▶ TASK REQUIREMENTS: The entire listing, reproduced exactly and stripped of images, is the expected output.

▶ RAW DATA:
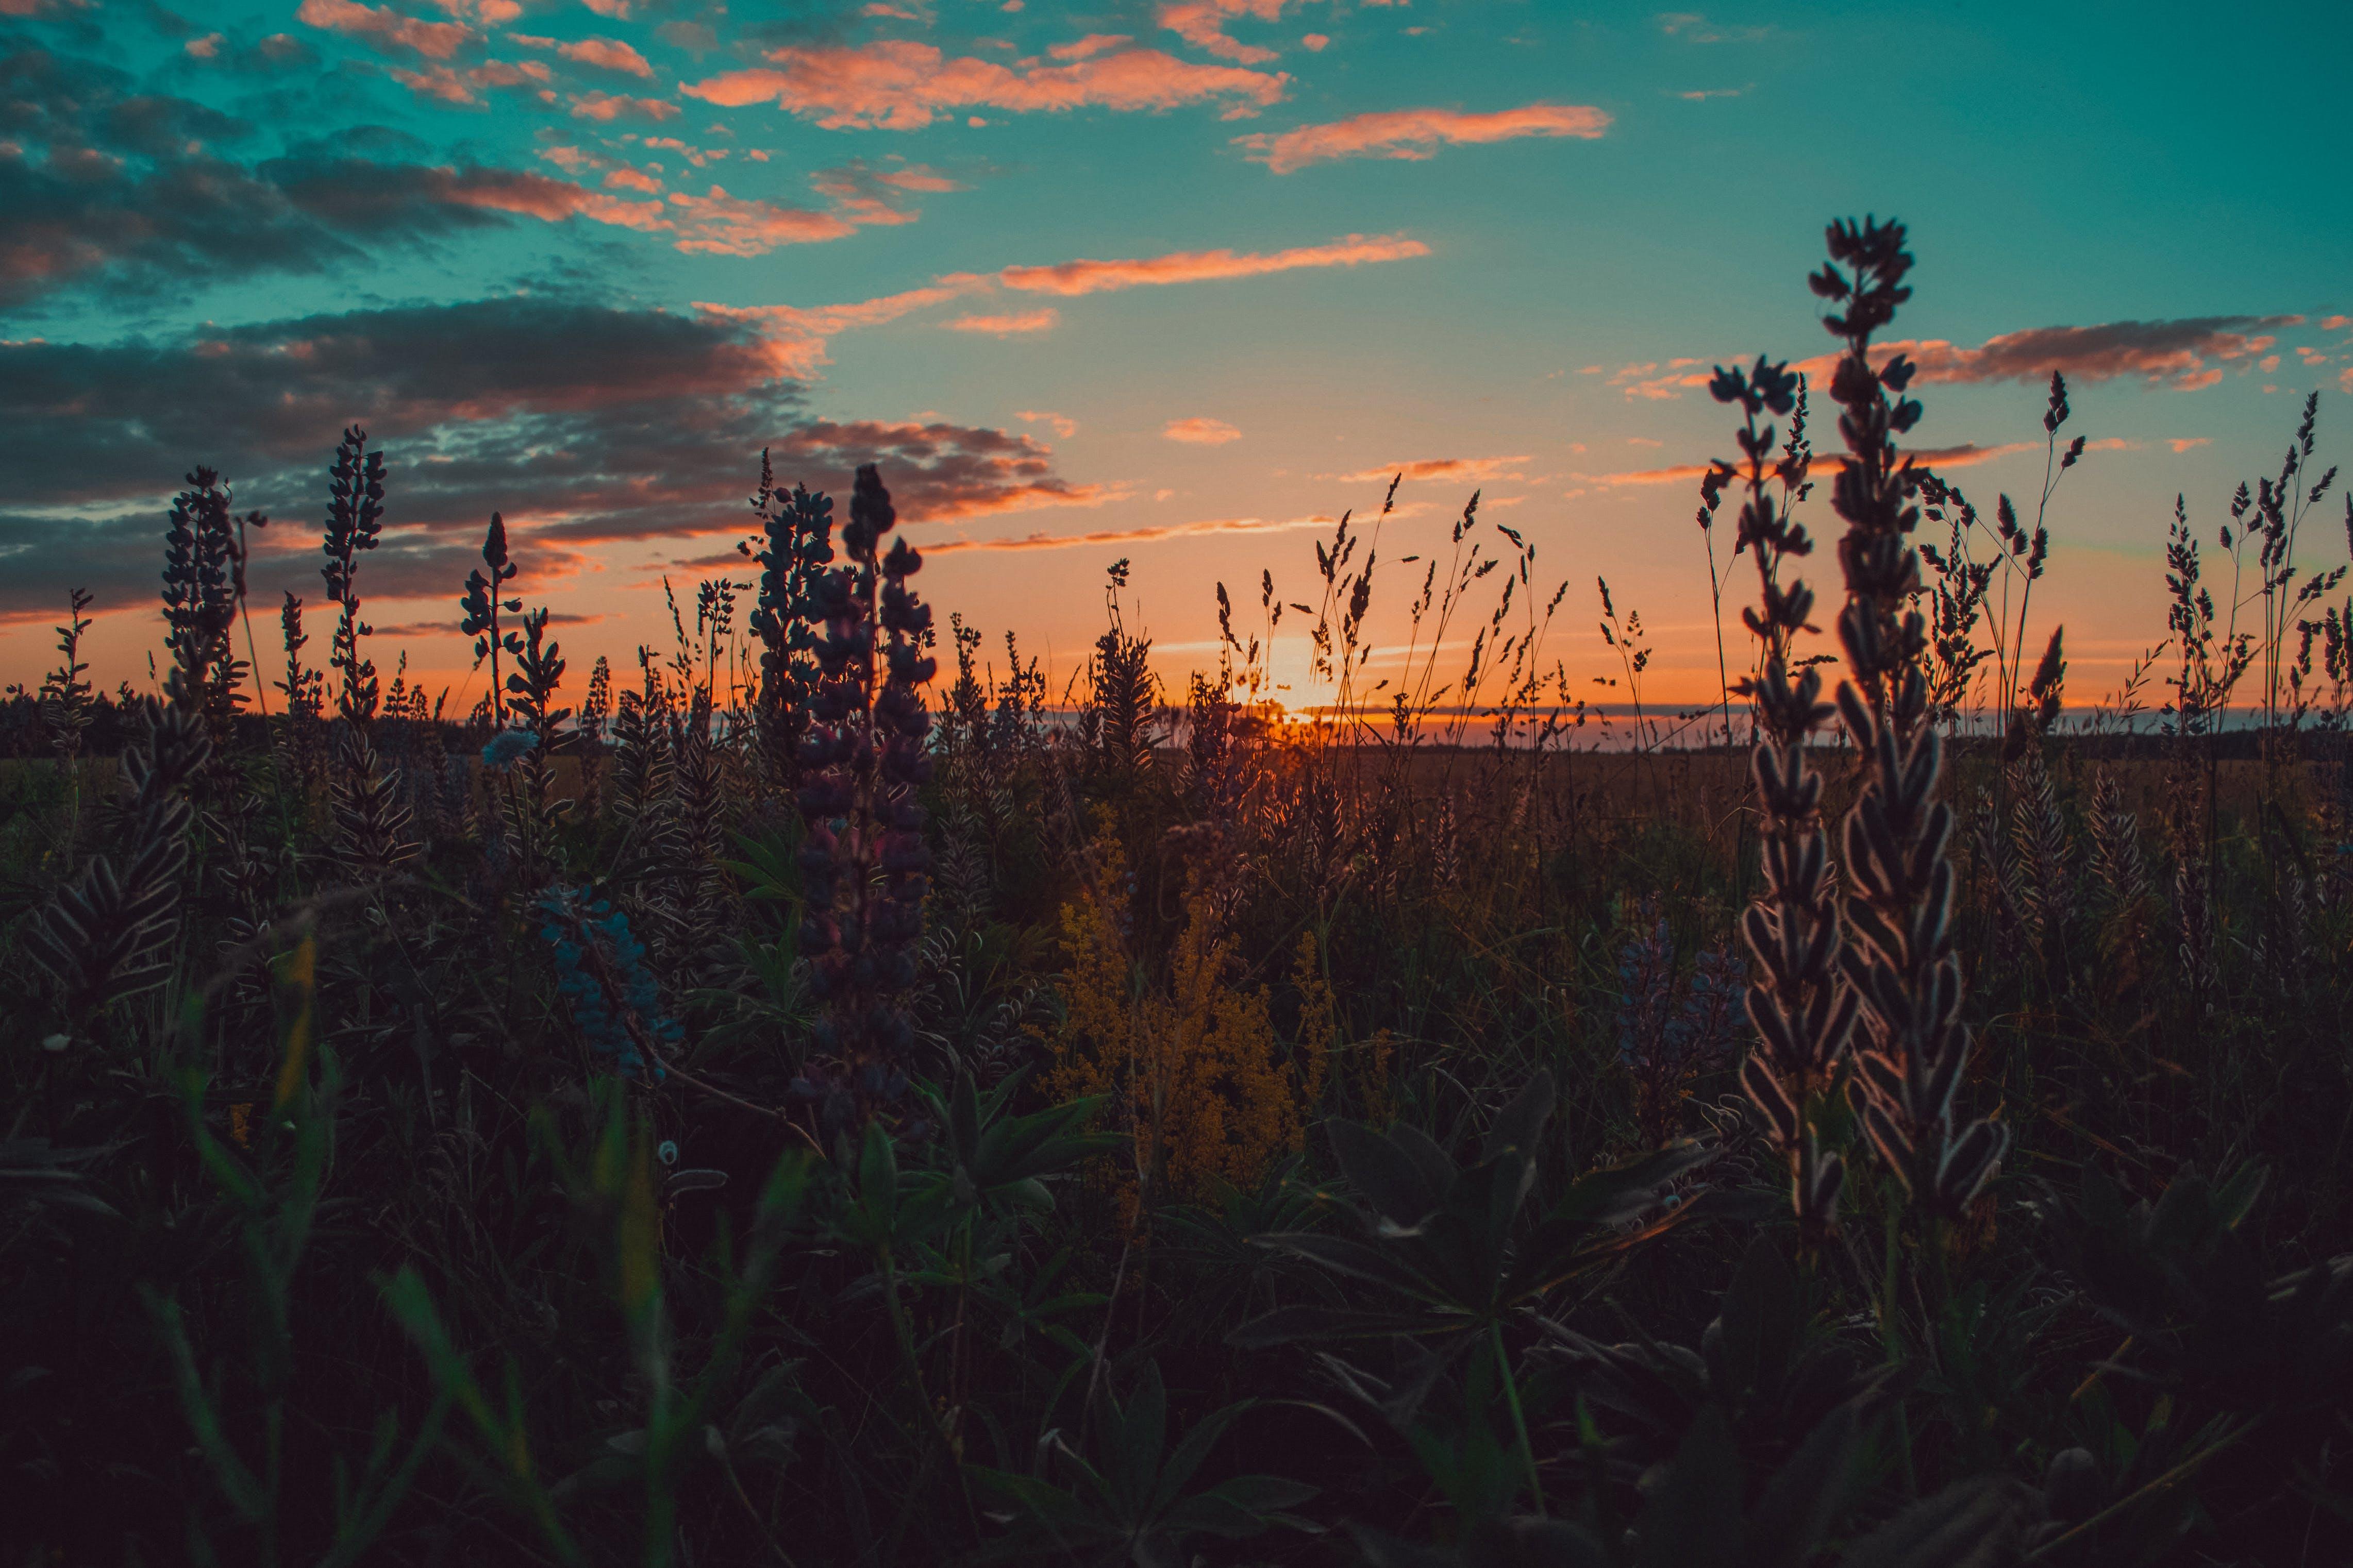 aften, bane, blomster
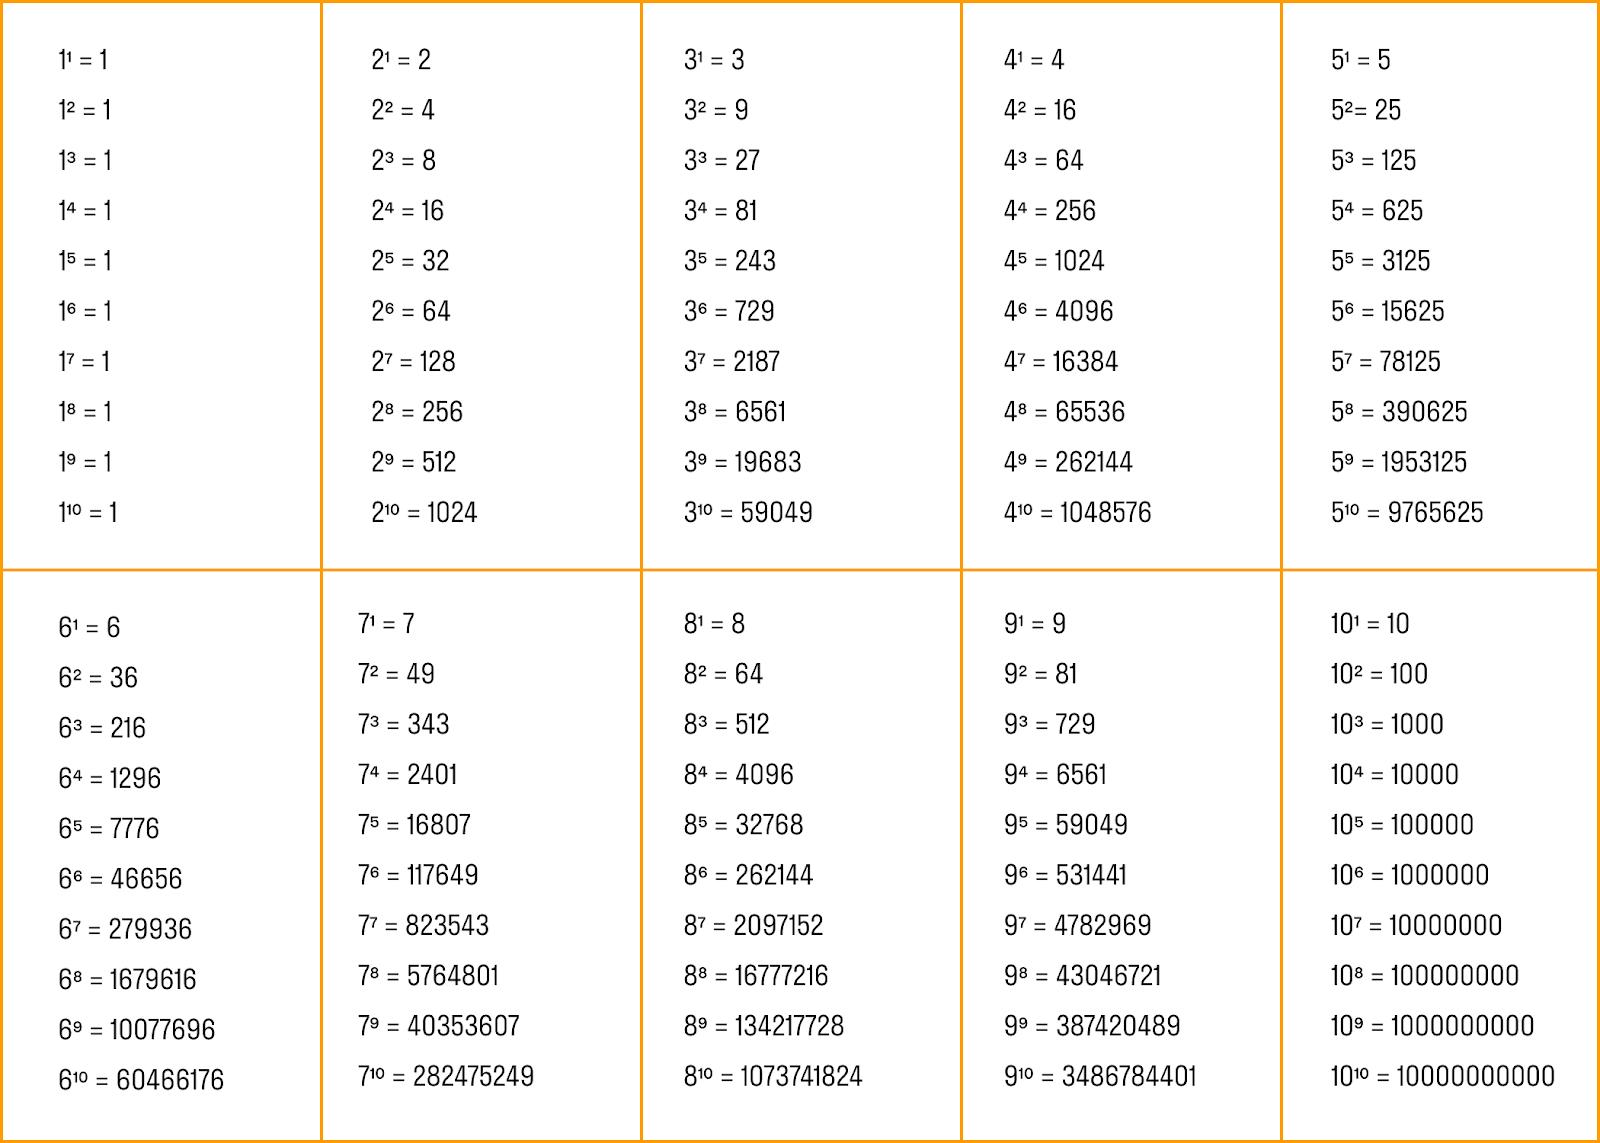 таблица чисел в степени от 1 до 10
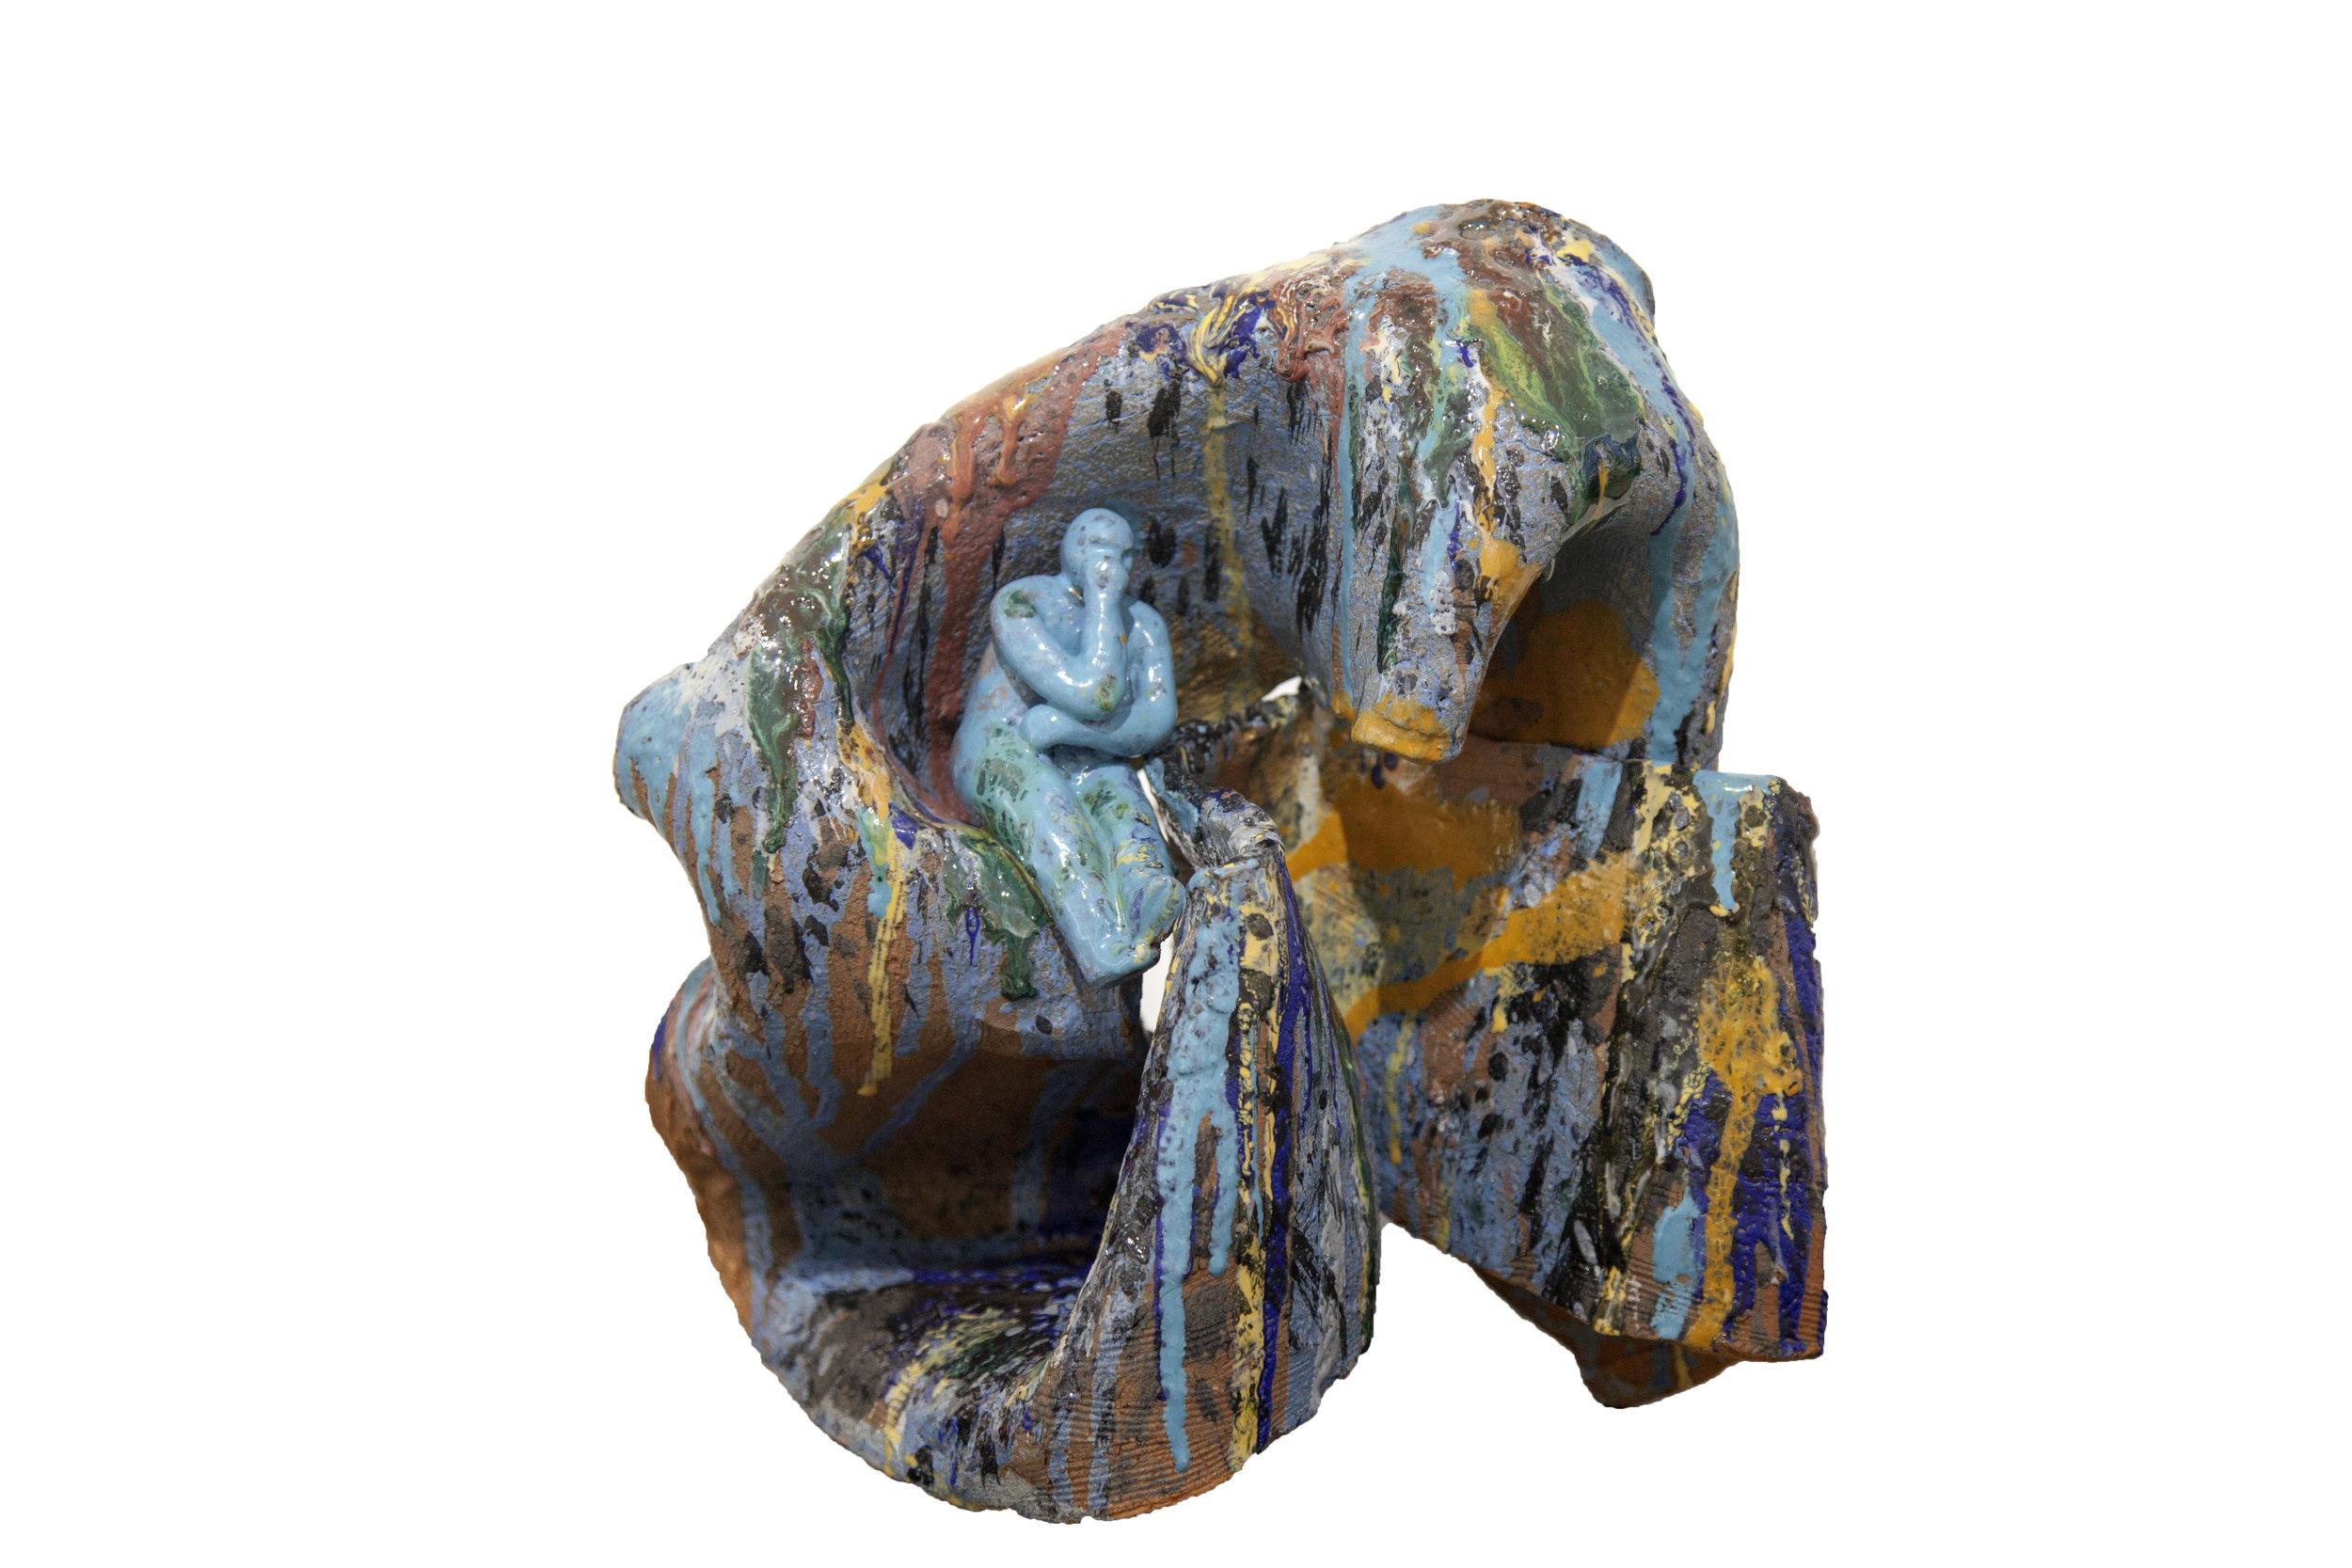 Over thinking, Glazed Clay, 30 x 30 cm, 2019, Nathalie Djakou Kassi

▶ ANSWER BOX:
 aften, bane, blomster
 таблица чисел в степени от 1 до 10
 Over thinking, Glazed Clay, 30 x 30 cm, 2019, Nathalie Djakou Kassi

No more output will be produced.